*Exercise goal*
None of the pictures should be copied, though every line of the listing must be printed exactly.

*Dataset extract*

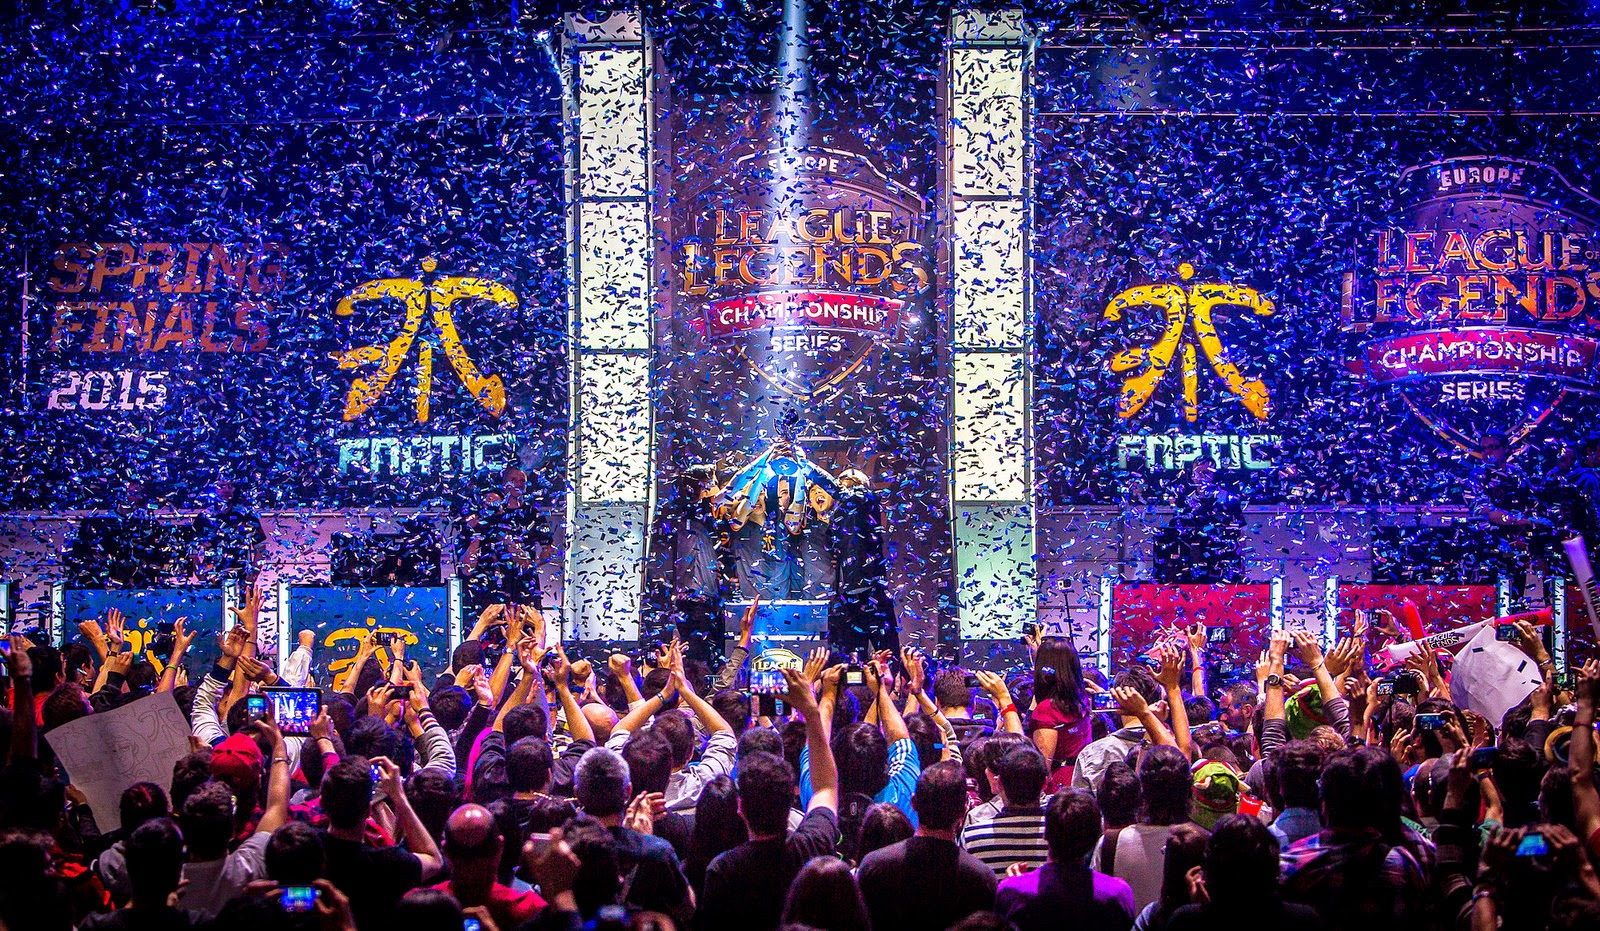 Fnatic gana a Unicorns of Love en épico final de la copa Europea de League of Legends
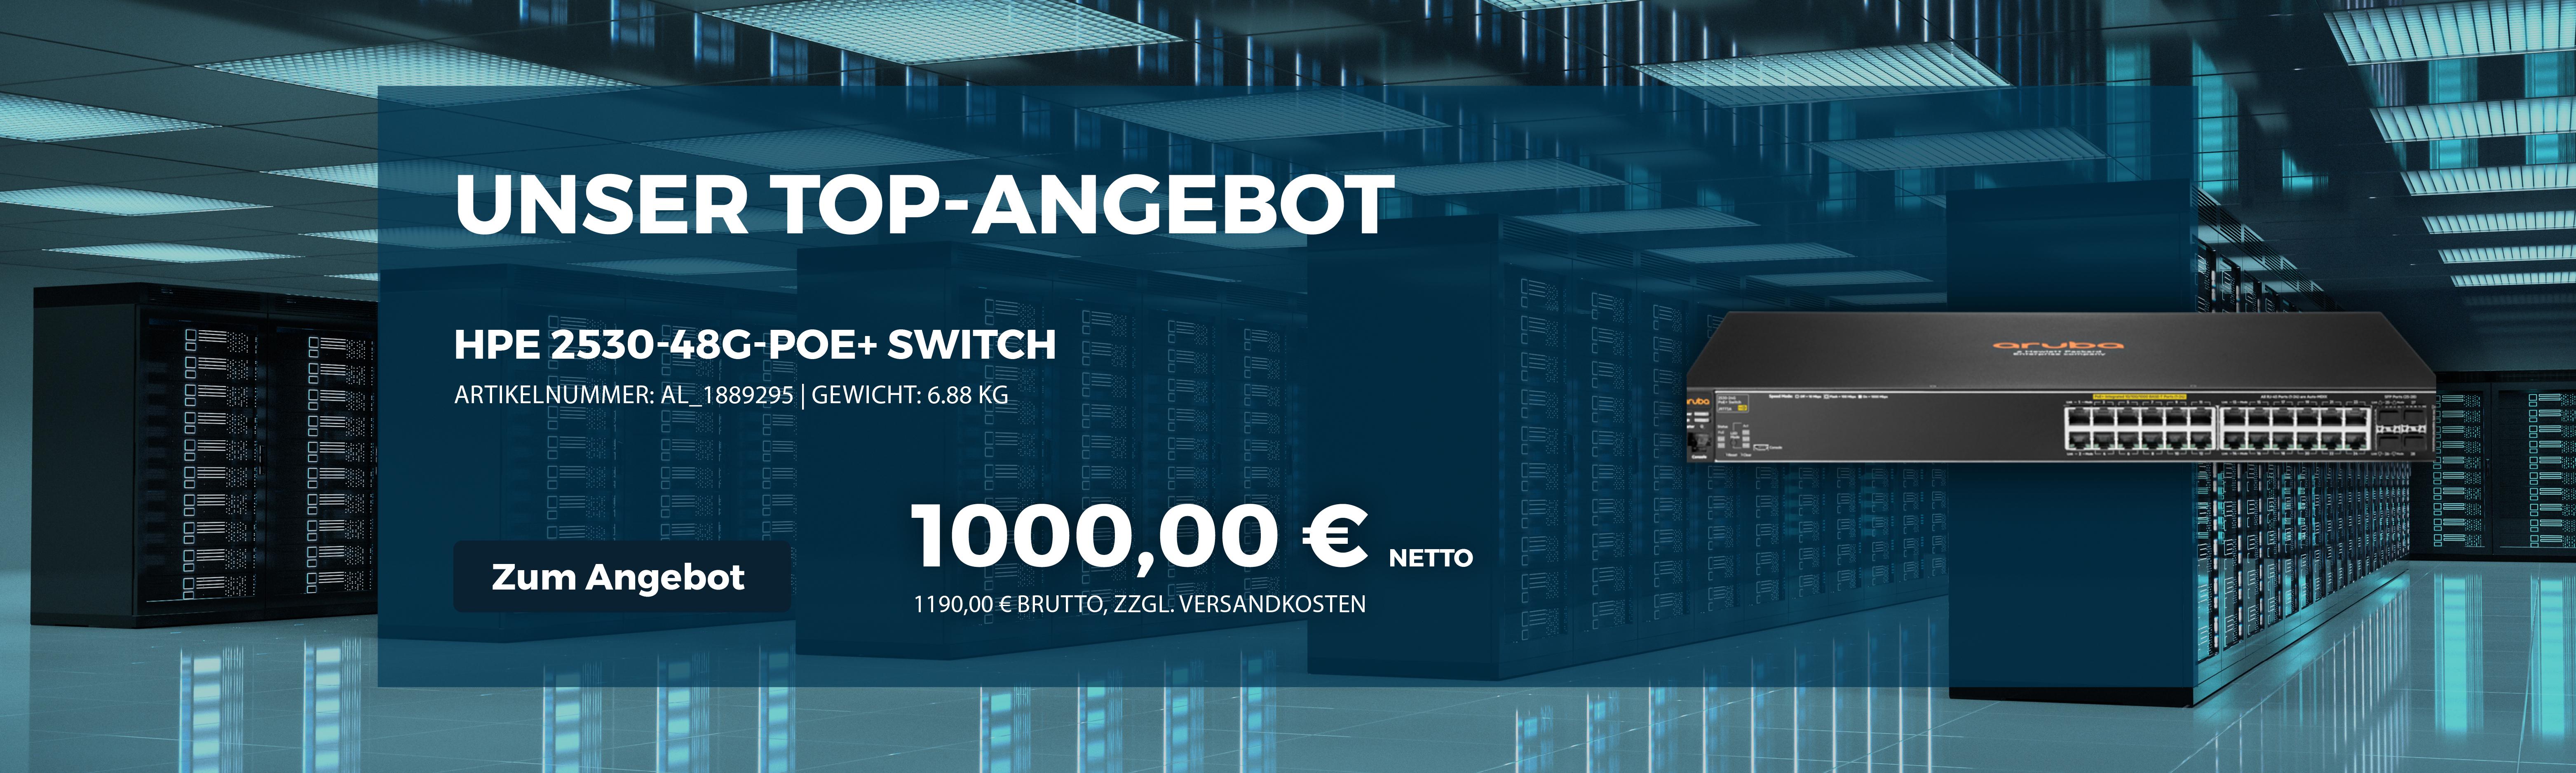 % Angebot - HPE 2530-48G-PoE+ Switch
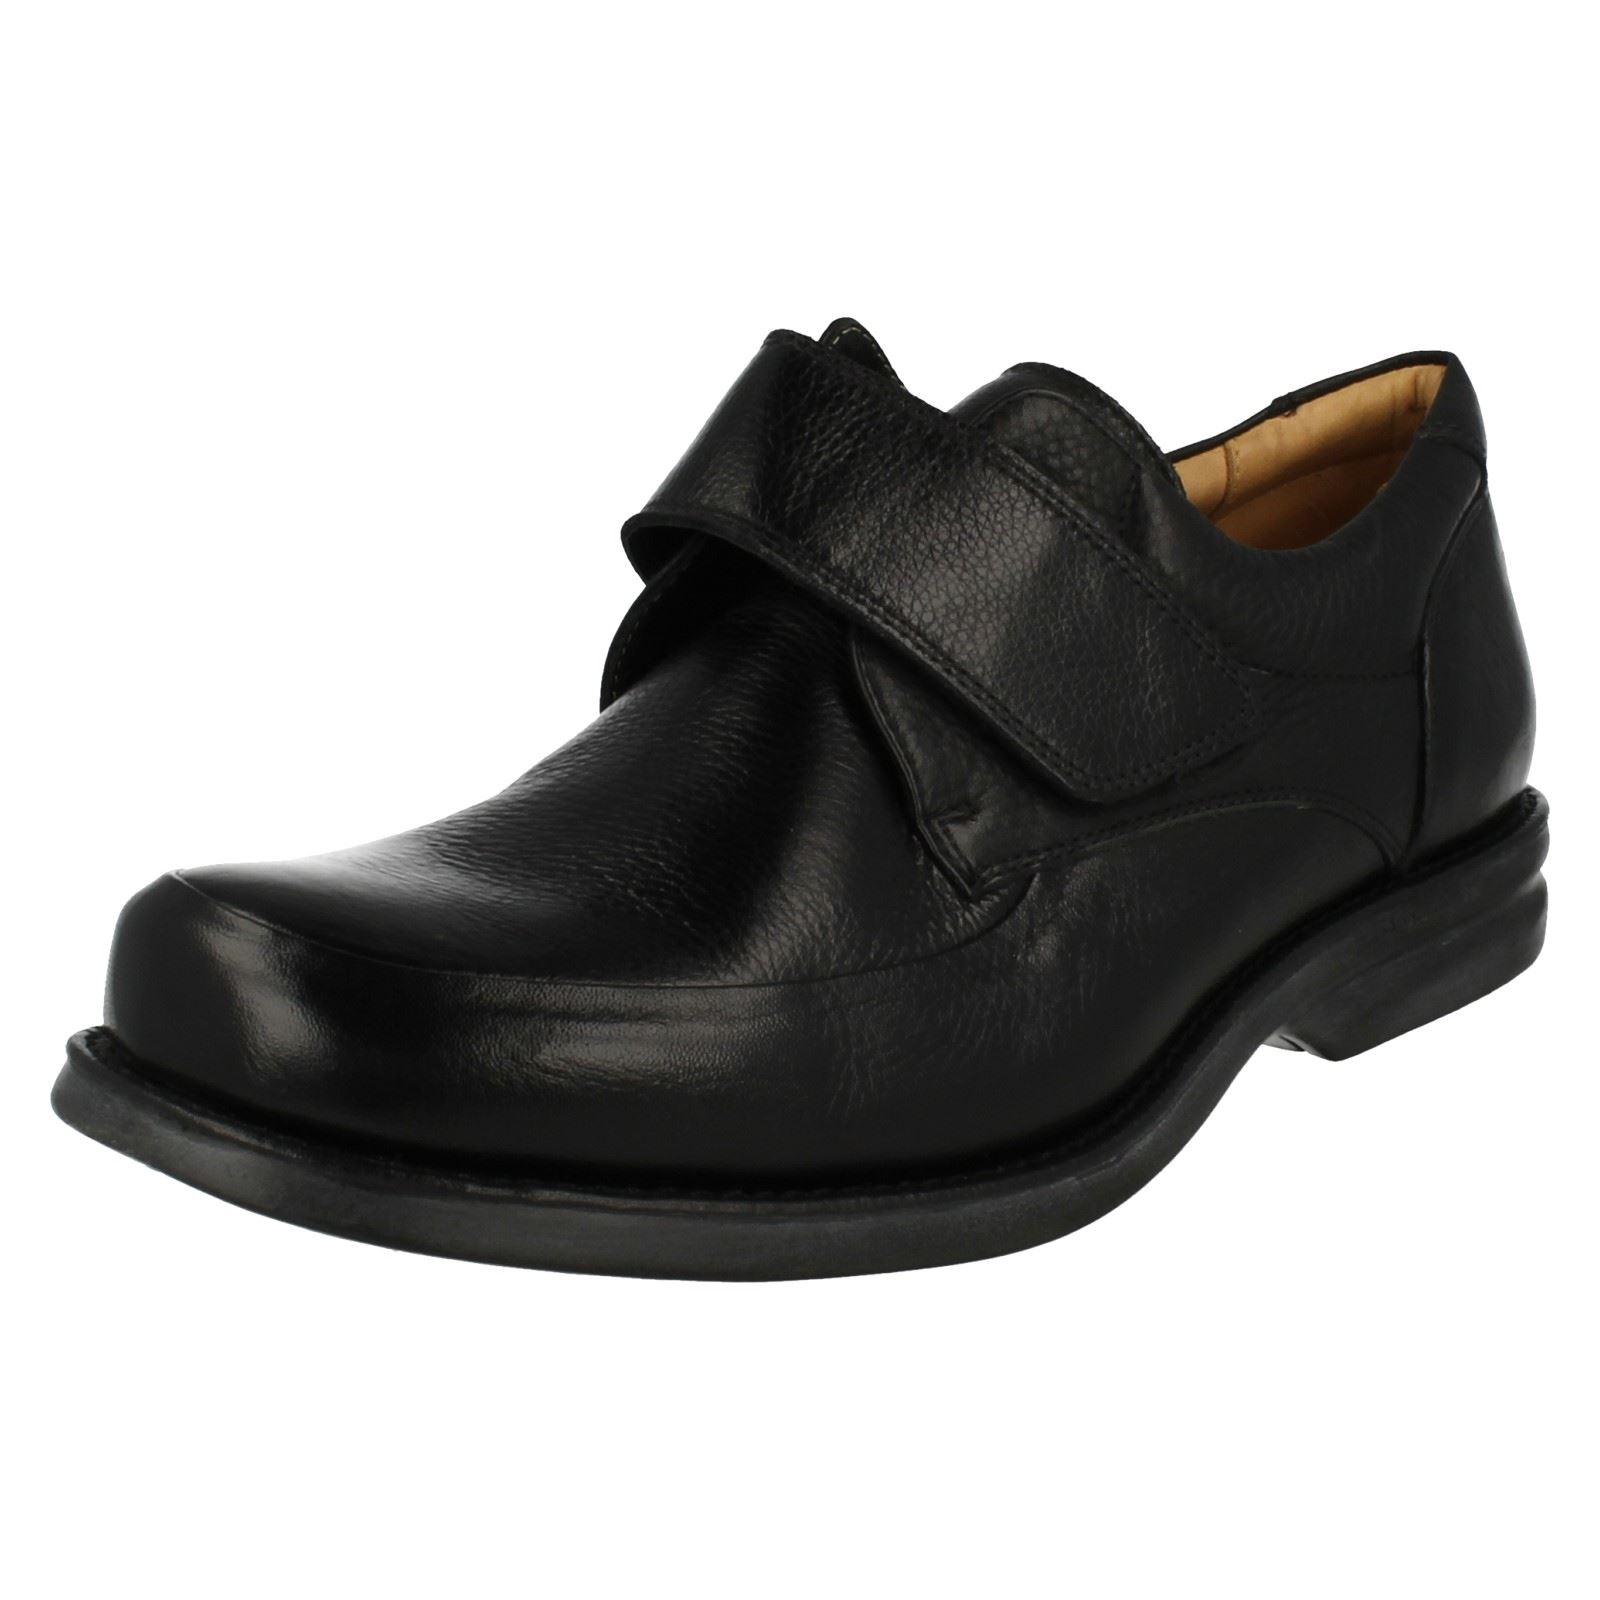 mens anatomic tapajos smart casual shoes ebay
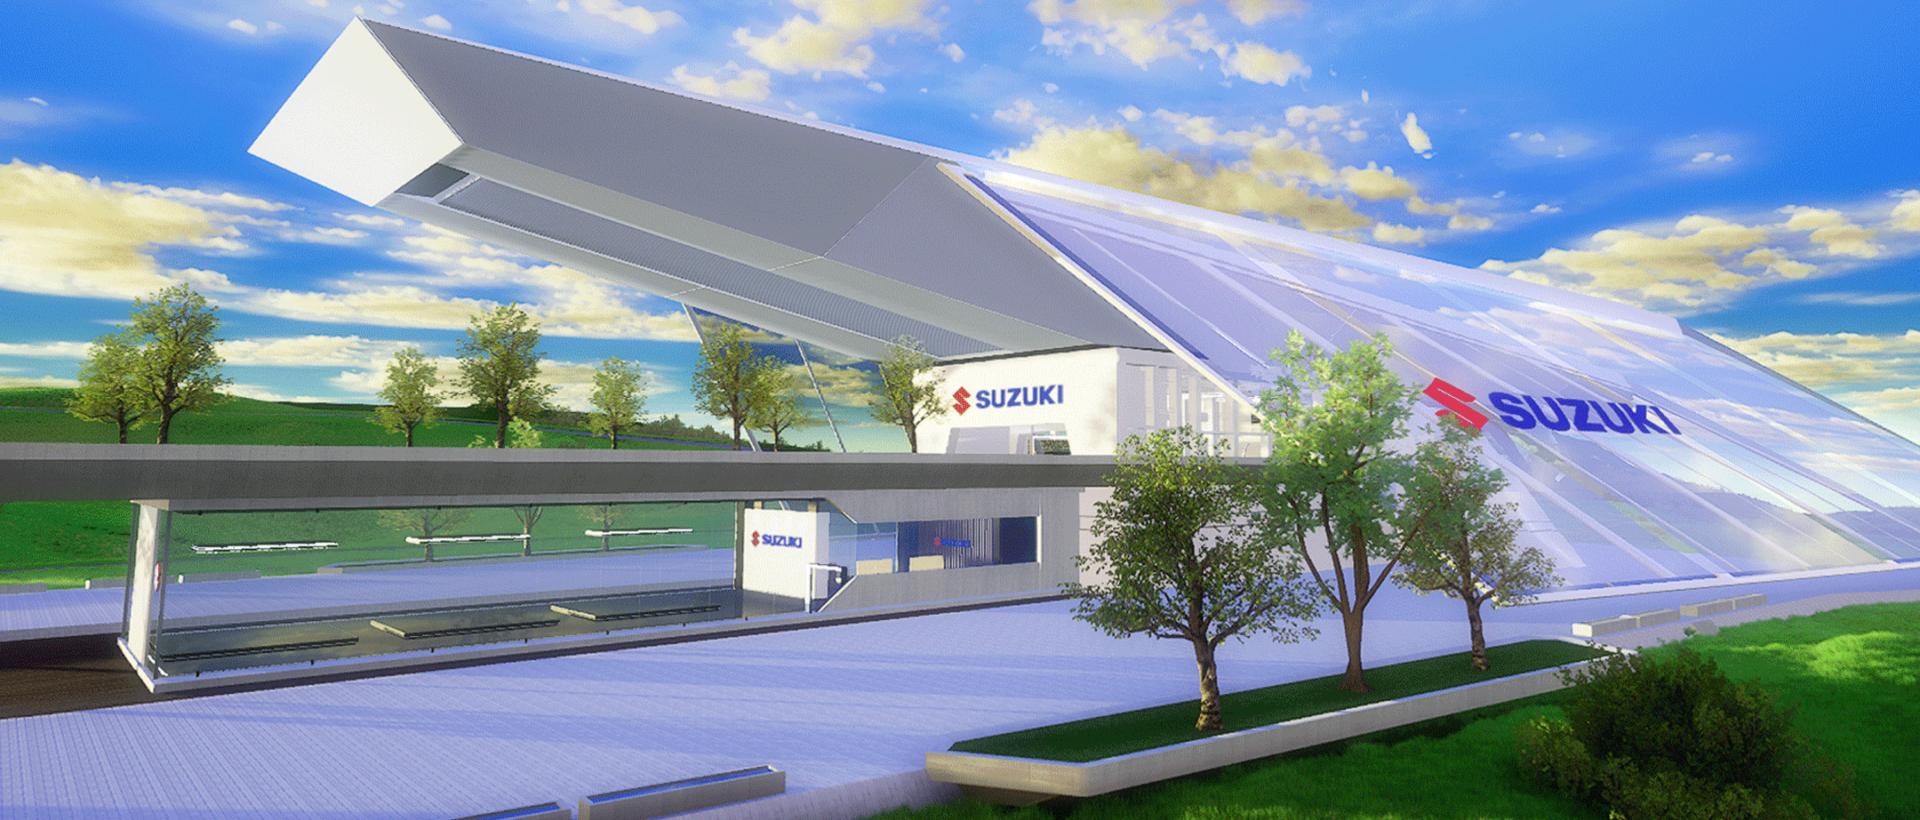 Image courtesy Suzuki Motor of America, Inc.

*Expected output*
 Fnatic gana a Unicorns of Love en épico final de la copa Europea de League of Legends
 % Angebot - HPE 2530-48G-PoE+ Switch
 mens anatomic tapajos smart casual shoes ebay
 Image courtesy Suzuki Motor of America, Inc.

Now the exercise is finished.